她是谁?
她......是在讨厌我吗?
不过两个小时后,江念栀就弄清楚了这人是谁。
正在给她讲戏的吕袖突然向远处招手,“余遥!来!”
江念栀顺着吕袖招手的方向看去,刚才在窗后的脸出现在面前。
这是两人剧外的初见,而她们一会儿要拍的也是剧中的初见。剧本上写道,江念栀饰演的田蔷枝对女主角陈天说,“你好漂亮,漂亮的像冬天。”
剧本里的陈天就这样走了出来,确实漂亮的像冬天。
漂亮的像冬天是一种什么概念呢,是单调的黑白色,余遥清淡的五官就是这样,像一副水墨画。
好特别的一张脸。
可......怎么好像在哪见过。
我看过她的作品吗?
江念栀有些纳闷。
但余遥走得越近江念栀那种莫名的熟悉感就越强烈。
吕袖站在两人中间介绍后便去盯着摄像架机位。
两人默契的裹紧大衣,站在场边四处张望,谁都没有开口。
江念栀真是不习惯这种场合,不会她还是做足了心理准备后,递过自己的手,“您好。”
她向来讨厌冬天。讨厌冷冽的风和无尽的沉默。刚才隔着距离的匆匆一瞥,余遥就给她这种感觉。现在站在她身边,气场更是强烈。
余遥伸手回握,客气的回答道,“你好。”
余遥的声音也和江念栀预想的一样,不是少女的娇嗔,也不尖锐,像新闻播报里女主持人的声音,像薄荷糖。
奇怪,这个声音江念栀也觉得有些熟悉。
“那个……虽然听起来很像套近乎,但是余老师,我们是不是见过。”
“嗯,见过。”余遥将手中的剧本翻了一页后云淡风轻地说,“江老师当时说要包养我”
啪嗒一声,江念栀手中的剧本摔在雪地里。
“啊?”
一个月前。
“江念栀,你真行,脸上挂个巴掌印也不耽误你来酒吧玩啊!”
在酒吧门口等江念栀一个小时的都郁看到江念栀的那张脸脸色一变,瞬间原谅了她。
“谁知道江盛强这次来真的!我真不想嫁给郑荻。”
都郁一边心疼的摸江念栀的脸一边怒骂,“你爸下手真狠!畜生!你是他亲生的吗?”
江念栀忍着半边脸的肿胀,将都郁的手移开,若无其事的说,“谁对江盛强有用谁就是他亲生的。”

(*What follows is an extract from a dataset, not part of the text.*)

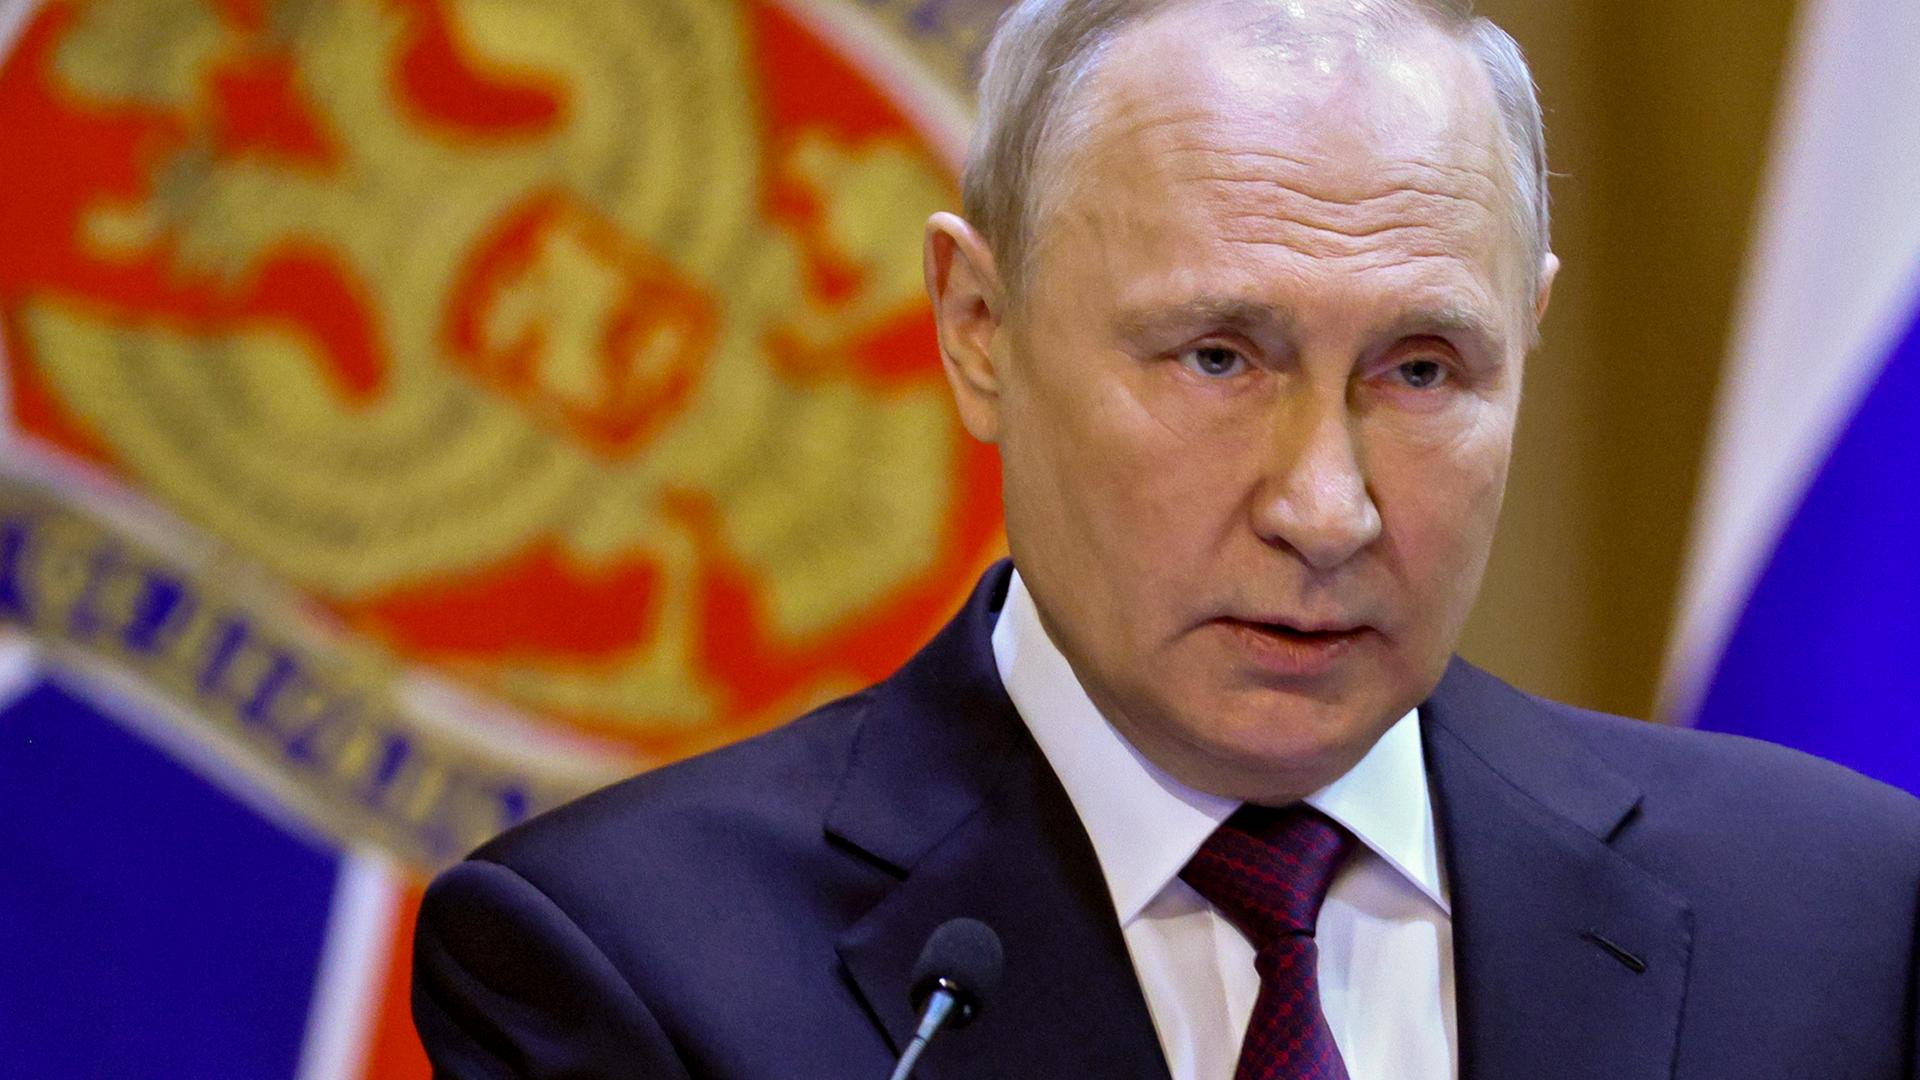 Der russische Präsident Putin hält eine Rede vor einer russischen Flagge.
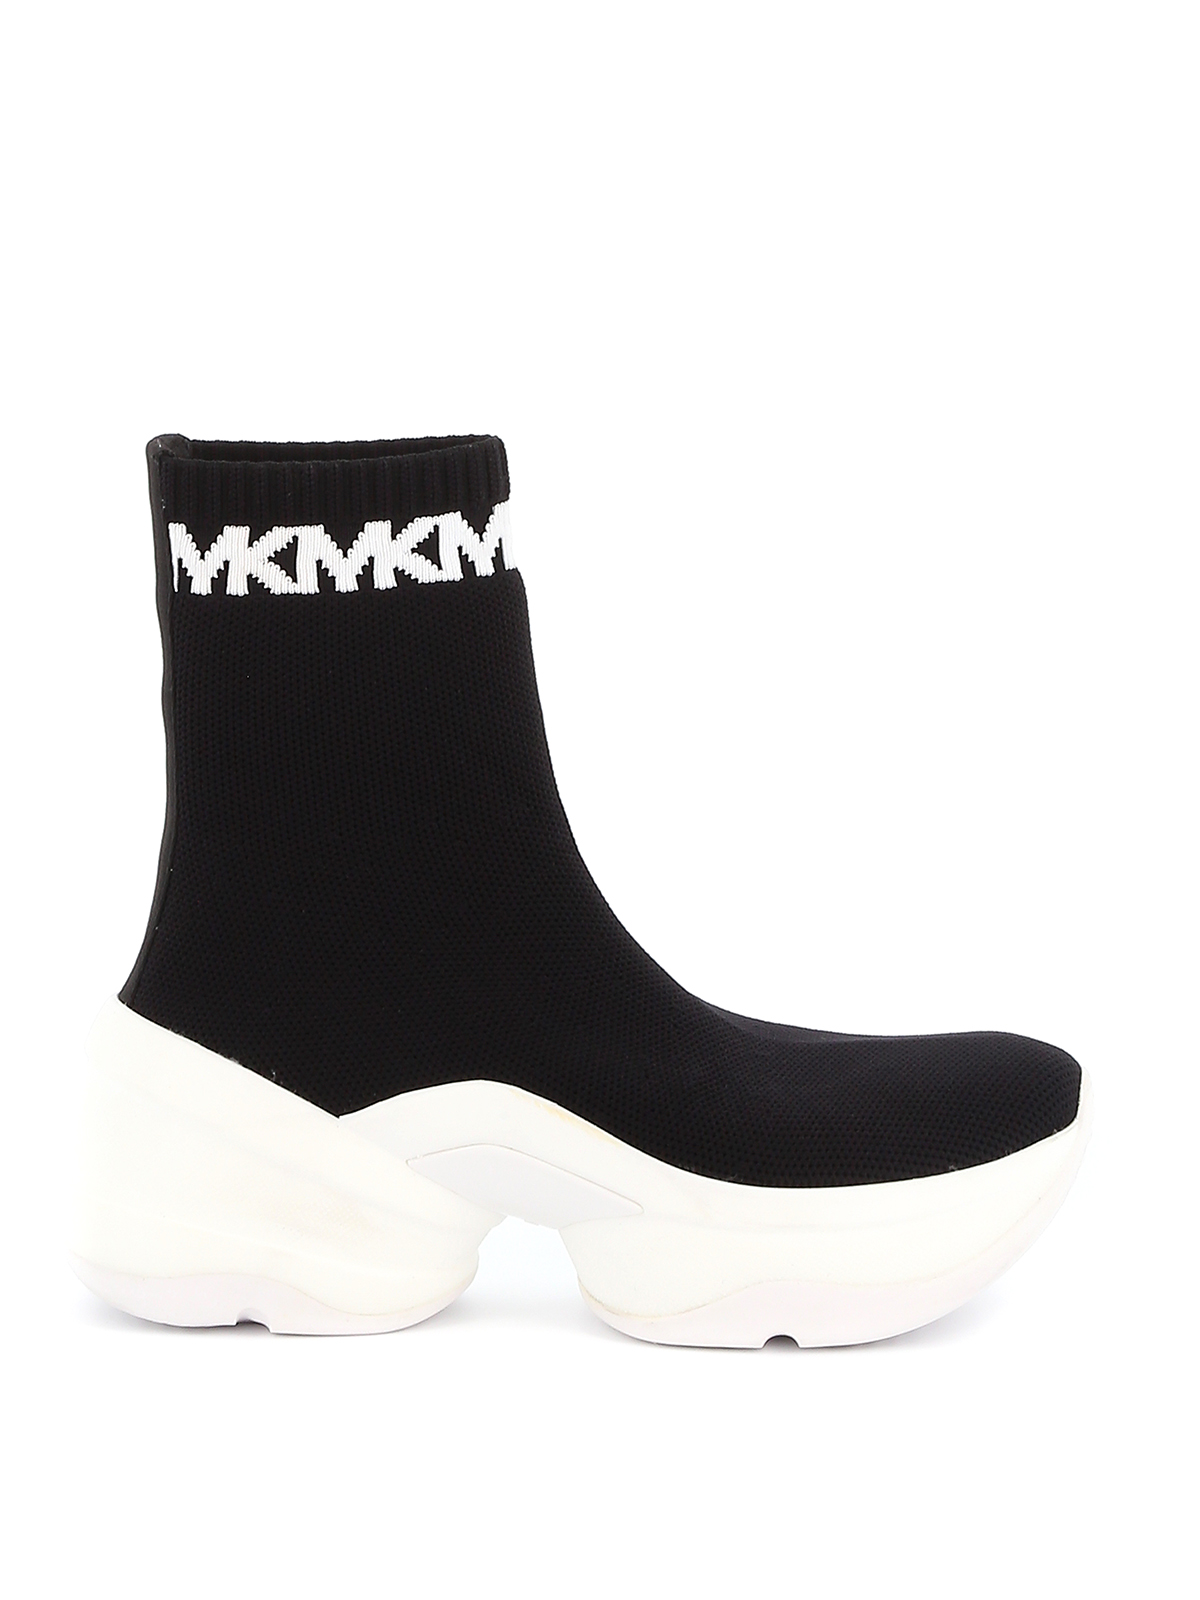 mk sock shoes

都郁无奈谈了口气,又想到今天的目的是陪江念栀庆祝,便不再扫兴,一边拉着江念栀往酒吧进,一边再三确认,“所以,真决定勇闯娱乐圈了大小姐?”
“我合同都跟我哥签完了,今晚,最后一次享受素人的身份!”
“敬我们小栀最后的自由!”都郁举起酒杯一饮而尽。
江念栀也不示弱的一杯接一杯的喝,“敬自由!”
“什么?敬顶流?”音乐声大的都郁听不清江念栀的呼喊。
“对,敬顶流。”江念栀被她逗笑。
虽然都郁听错了,但性质差不多,成为顶流,她才能从江盛强那里拿回自己的自由。
酒过三巡,不知道是酒精的作用还是江盛强的那个巴掌,江念栀觉得自己的脑袋像是被塞满了湿棉花,又涨又沉。
“都郁,我出去透口气。”她强忍不适起身,钻出酒吧门口。
流动的清新的空气扑面而来,江念栀才清醒了一点。
江念栀看着远处大厦上巨大的广告灯牌一次又一次深呼吸。
有一天,那上面会挂着她吗?
如果真要挂上她,那还挺尴尬的。
来往的人群时不时撞到站在门口的她,知道自己碍事的江念栀识趣的让路,转身向一旁漫无目的走着。
脸上火辣辣的痛和头的胀痛分散着江念栀的注意力,本就发晕的她,产生了一种在船上走路的错觉。
“都郁今天点的这酒度数怎么这么……”
还没等说完,江念栀脚下一空,失重的向前面倒去。
江念栀一边惊呼,一边护住自己的脸,“啊!!!!”
天啊!不会还没成为顶流就先毁容了吧。
但她还没落地,就被人一把拽了回来,江念栀还没找回重心,下一秒就直接栽到那人怀里。
扑面而来的木质香气包裹住她,随后悦耳的女声在她头顶响起,声音清淡的像吹来一股冷气,“没事吧?”
江念栀抓住那人的手臂找回重心站稳,眼前颠倒的世界逐渐平稳清晰,随后一张比那个声音更精彩的脸出现在她的眼前。